Press "Enter" to skip to content

Redshift COPY Command – Usage and Examples

Increasingly, businesses are moving towards completely managed data warehouse services. This is because of the flexibility and ease of maintenance offered by them. Amazon Redshift makes a strong proposition among the data warehouse services because of its ability to execute complex queries over millions of rows with quick results. 

Redshift’s underlying architecture contains a cluster of instances that the user can customize based on his use case and budget. The customer is only required to pay for the storage and computing power he is using and is completely relieved of all the pain associated with maintaining the instances. Explore the features of Redshift in detail here.
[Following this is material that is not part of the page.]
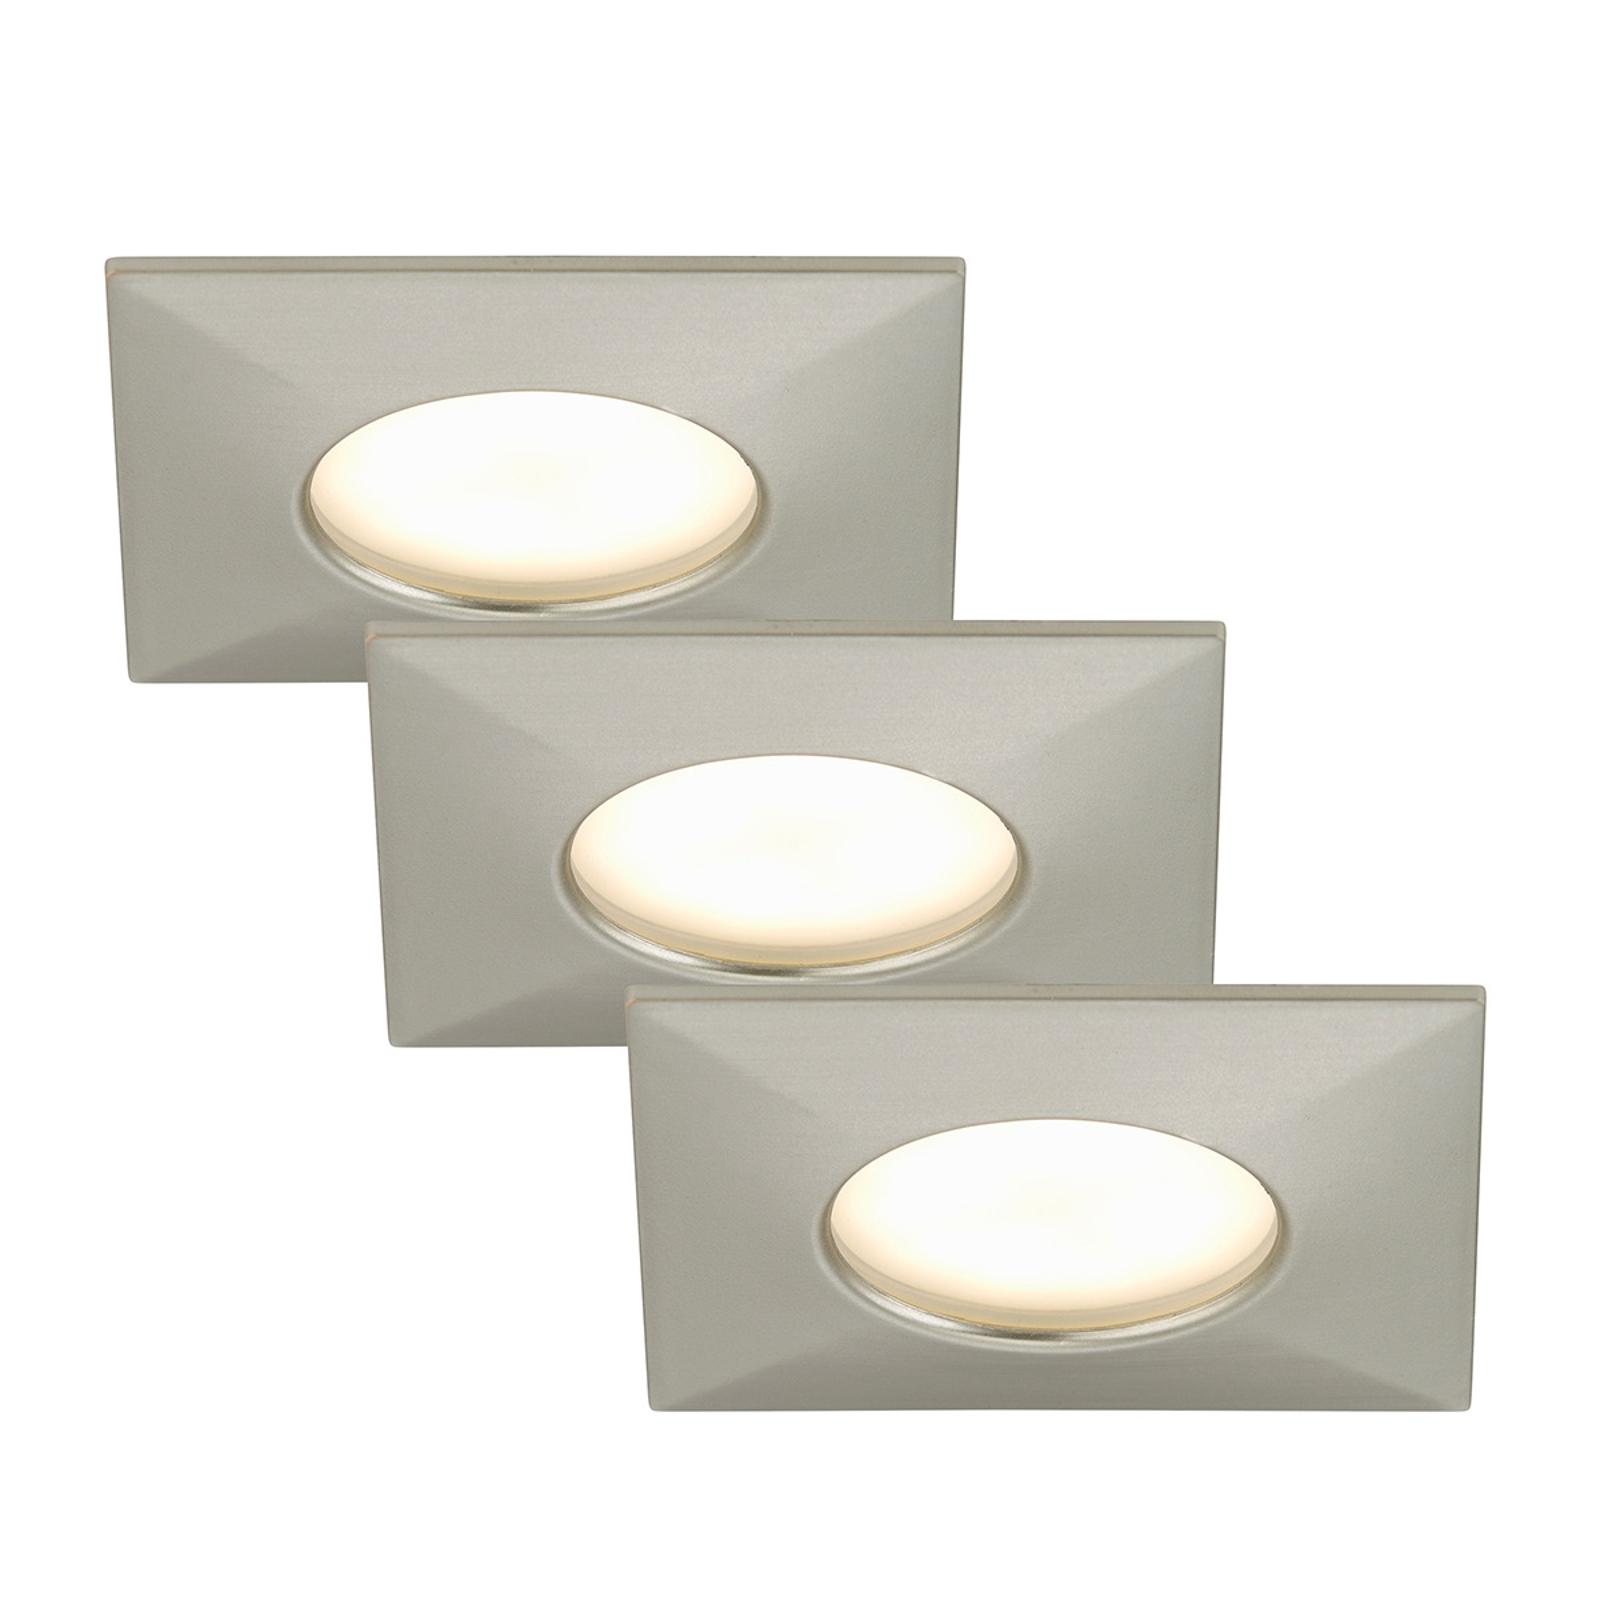 Luca LED-indbygningsspot, 3 stk. IP44, mat nikkel

In this post, we will cover the Redshift COPY command which is the standard way of bulk inserting data from another source. The post covers the following:

  1. The need for COPY command
  2. COPY command – Usage
  3. COPY command – Examples
  4. Limitations of COPY
  5. An easier way to load data to Redshift

Let us deep dive into this.

Redshift Copy Command

Redshift COPY Command – Need

Redshift is a data warehouse and hence there is an obvious need to transfer data generated at various sources to be pushed into it. One option here is to use Redshift’s INSERT INTO command, but this command is best suited for inserting a single row or inserting multiple rows in case of intermittent streams of data.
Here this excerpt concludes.